Transcribe only the stretch of lines that opens with the line containing "free shipping BRIEFING" and closes with the last line of the listing, skipping pictures.

# Collected material
┌────────
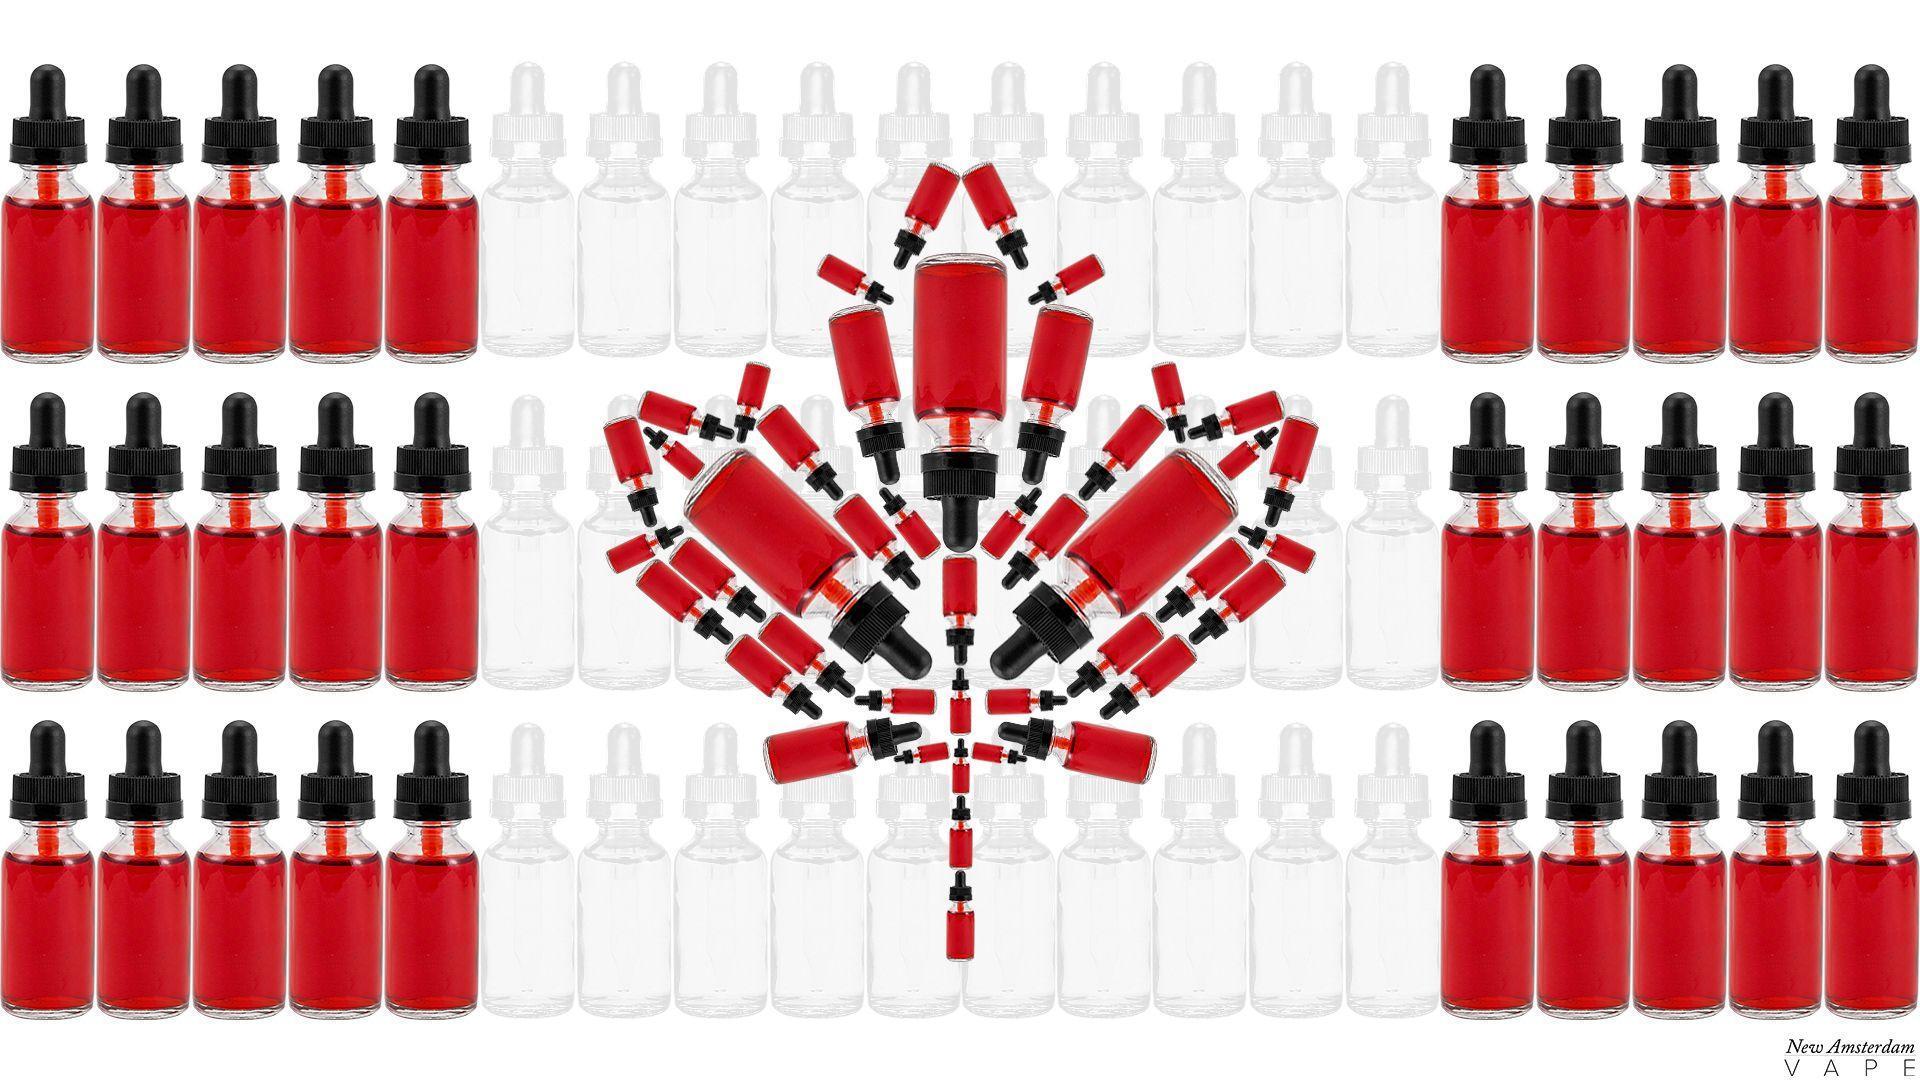 4th Of July And Canada Day E Liquid Bottle Wallpaper. New
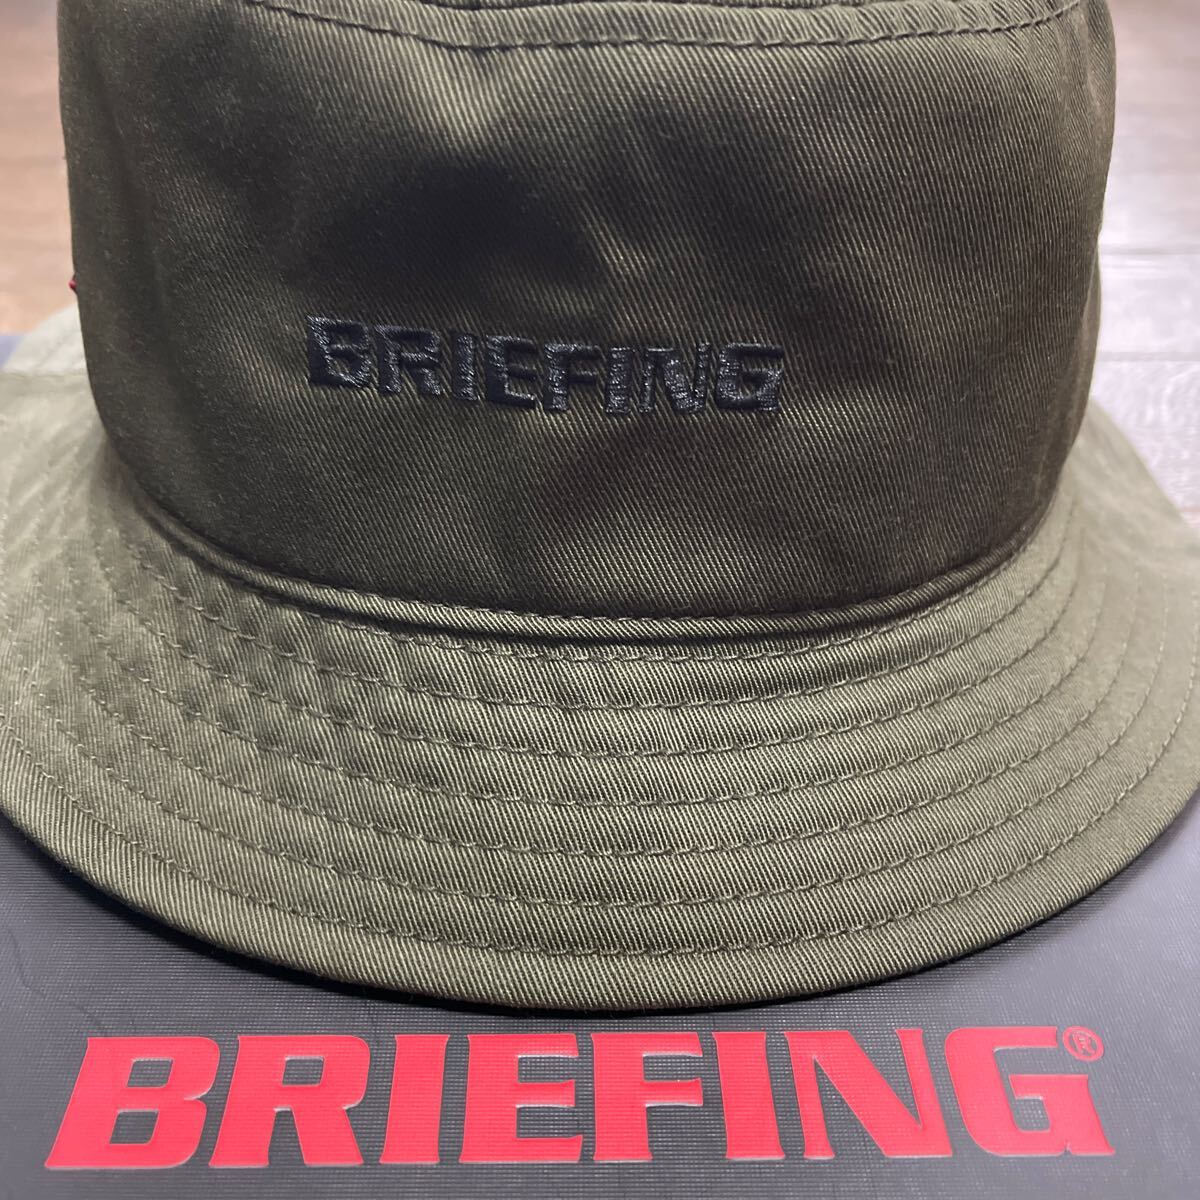  free shipping BRIEFING Briefing newest BASIC HAT bucket hat BRIEFING embroidery Logo tee..MESH liner .. reduction sweat cease flexible Olive( bargain L) new goods 
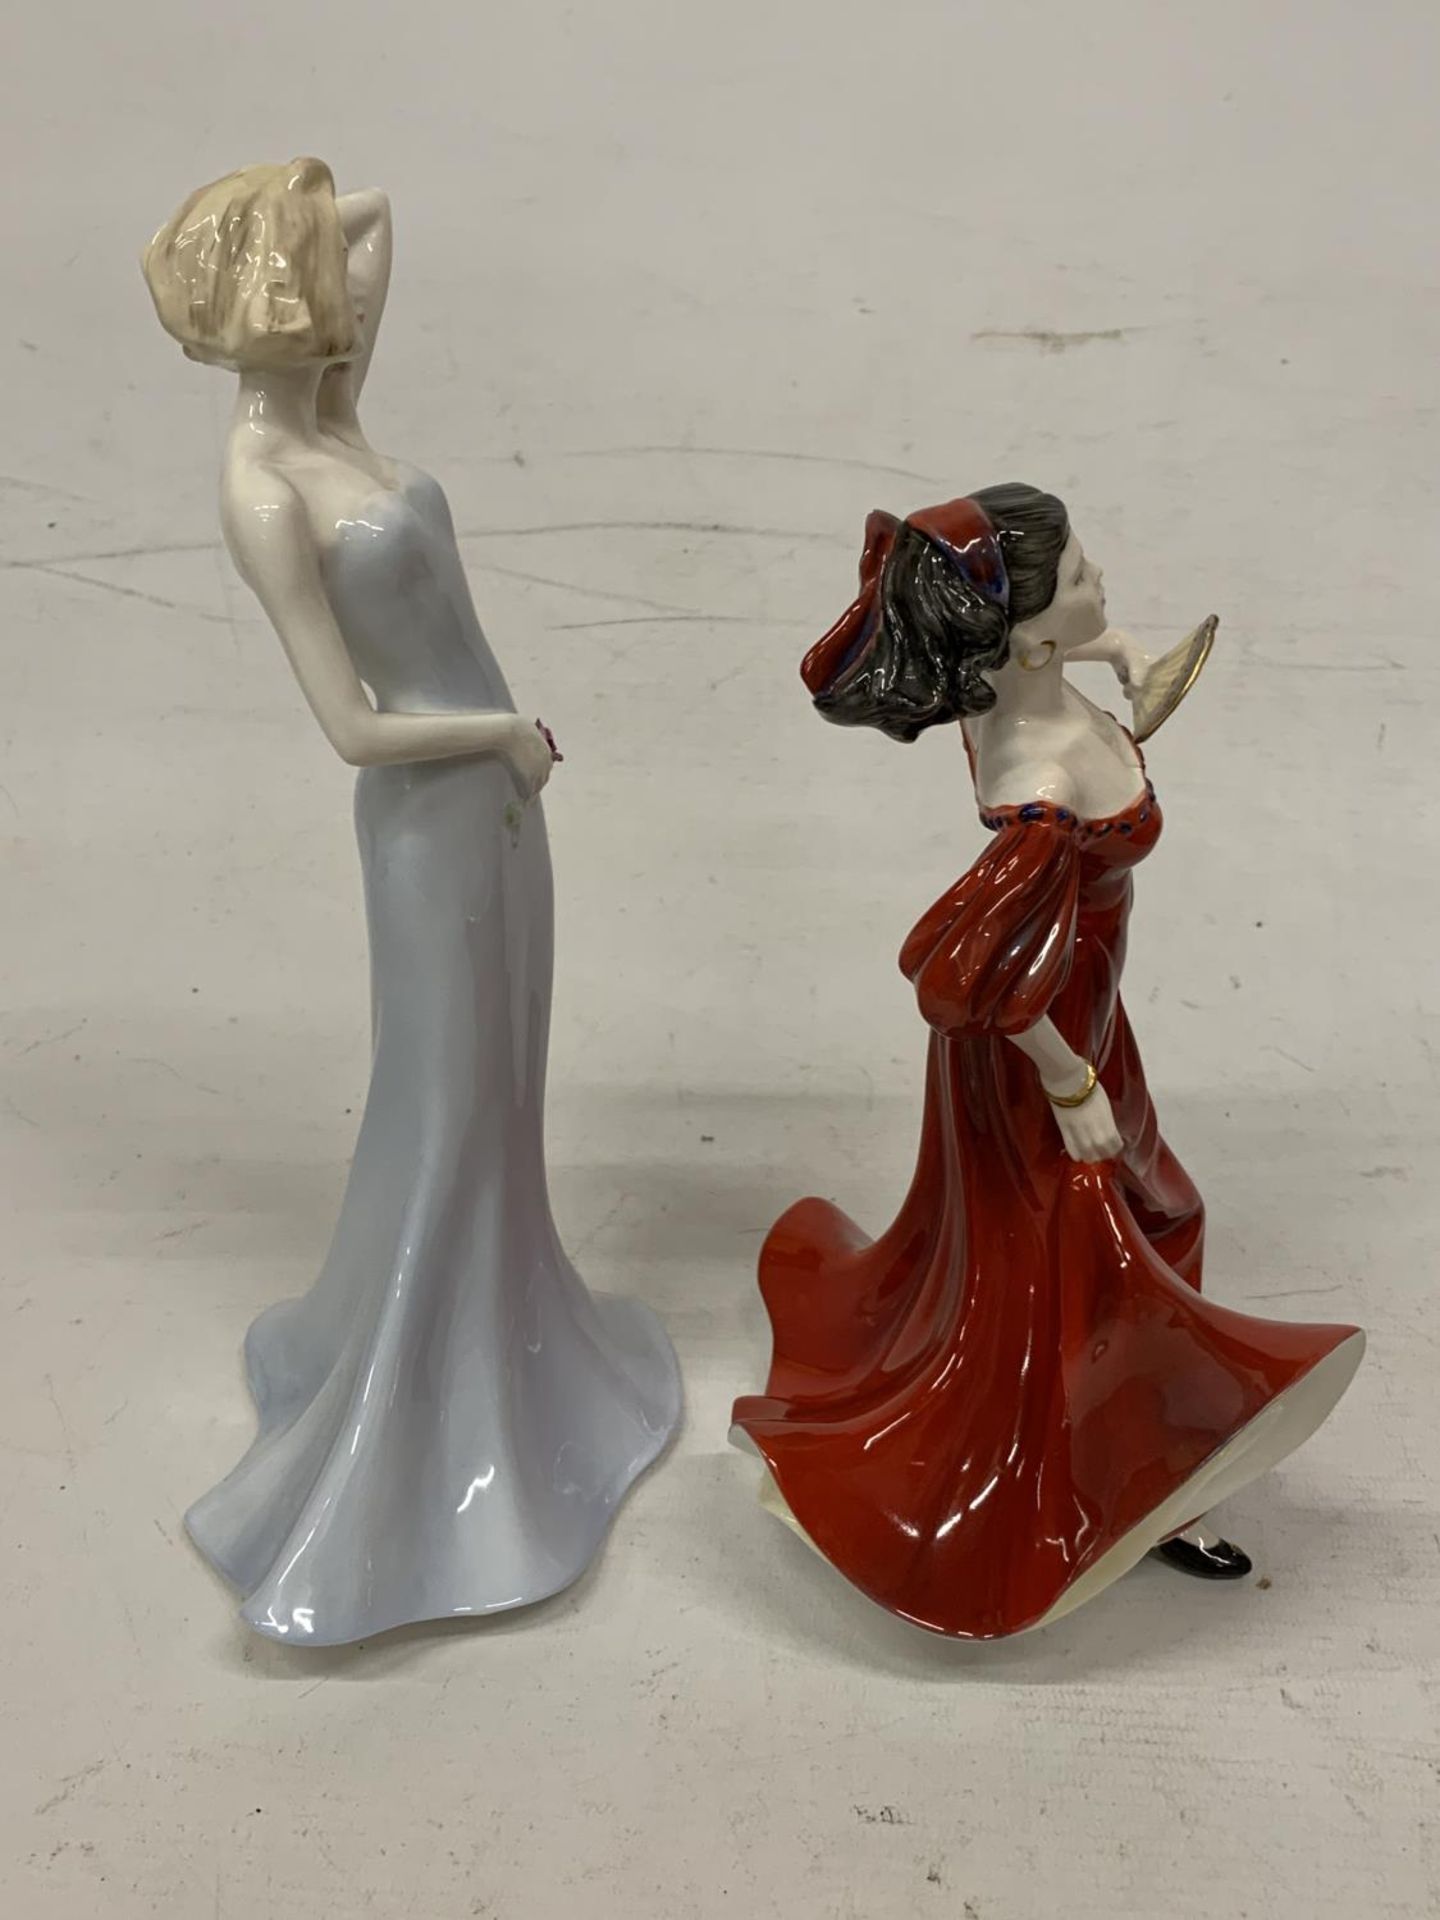 TWO COALPORT FIGURINES - SILHOUETTES "GILLIAN" AND LADIES OF FASHION "ROMANY DANCE" - Image 2 of 4
└────────
# Written answer
  free shipping BRIEFING Briefing newest BASIC HAT bucket hat BRIEFING embroidery Logo tee..MESH liner .. reduction sweat cease flexible Olive( bargain L) new goods 
 TWO COALPORT FIGURINES - SILHOUETTES "GILLIAN" AND LADIES OF FASHION "ROMANY DANCE" - Image 2 of 4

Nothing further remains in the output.